Biochemical pharmacology

Regulation of ceramide synthase 6 in a spontaneous experimental autoimmune encephalomyelitis model is sex dependent.

PMID 25173988


Ceramides (Cer) are mediators of inflammatory processes. In a chronic experimental autoimmune encephalomyelitis (EAE) model of multiple sclerosis (MS), we observed a significant elevation of C16-Cer and its synthesizing enzyme, ceramide synthase(CerS)6, in the lumbar spinal cord. In the present study, we have confirmed that C16-Cer and CerS6 are also upregulated in the lumbar spinal cord in a spontaneous relapse-remitting EAE model, using SJL mice overexpressing a transgenic T cell receptor (TCR1640). CerS6 was found to be expressed in macrophages, T cells and B cells in EAE lesions. In macrophages, we demonstrated that interferon gamma (IFN-γ)-induced CerS6 upregulation was amplified by 17ß-estradiol, an action that was further accompanied by increased upregulation of tumor necrosis factor alpha (TNF-α). Accordingly, CerS6 and TNF-α expression was upregulated predominantly in the spinal cord in female TCR1640 mice, which usually develop the relapse-remitting form of EAE, while male TCR1640 mice showed an attenuated regulation of CerS6 and TNF-α and exhibit mostly chronic disease progression.
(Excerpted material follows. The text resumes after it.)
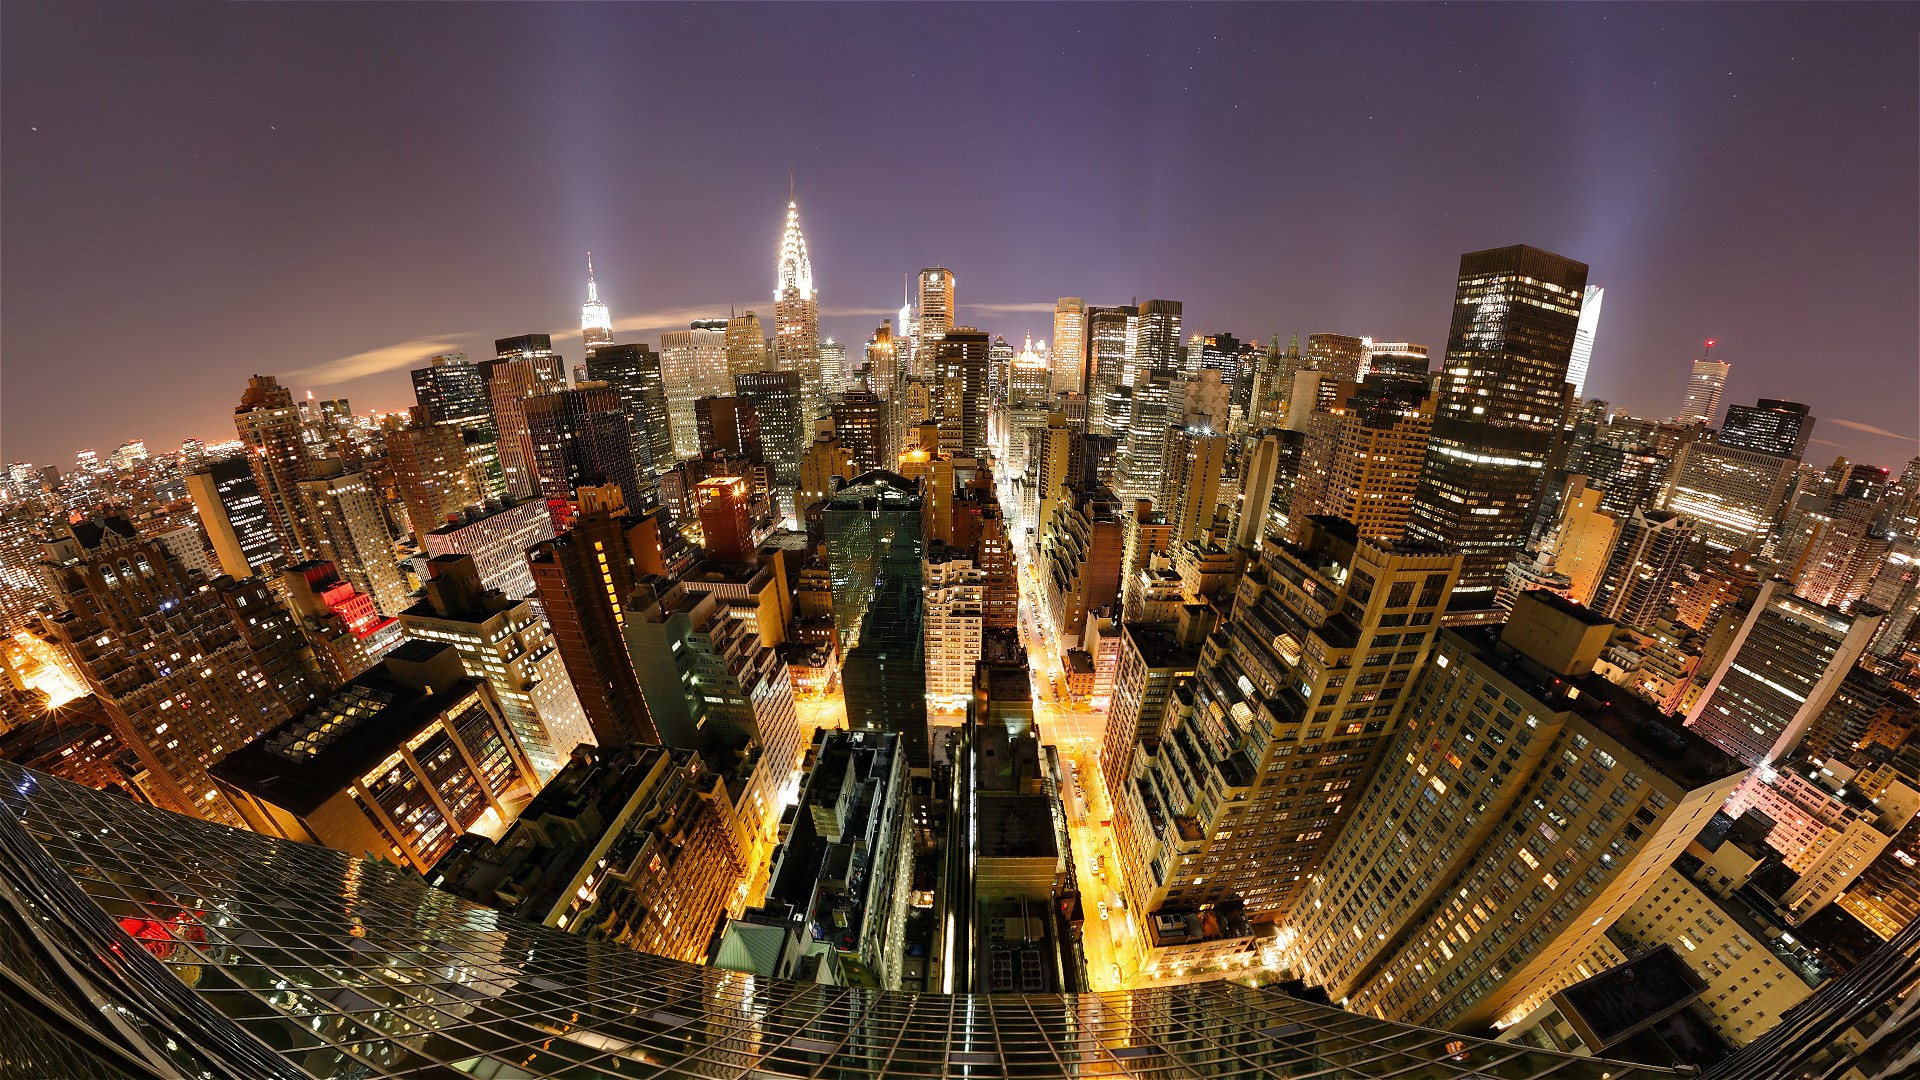 Description From New York City Pictures At Night Wallpaper

Furthermore, expression of TNFR2, one of two receptors of TNF-α, which is linked to neuroprotection and remyelination, was also upregulated to a greater extent during EAE in female TCR1640 mice in comparison to male TCR1640 mice. Taken together, our results confirm the upregulation of CerS6 and C16-Cer in an adjuvant-independent, physiological EAE model and further suggest an anti-inflammatory role of CerS6 in the regulation of the disease course in female TCR1640 mice via TNF-α/TNFR2.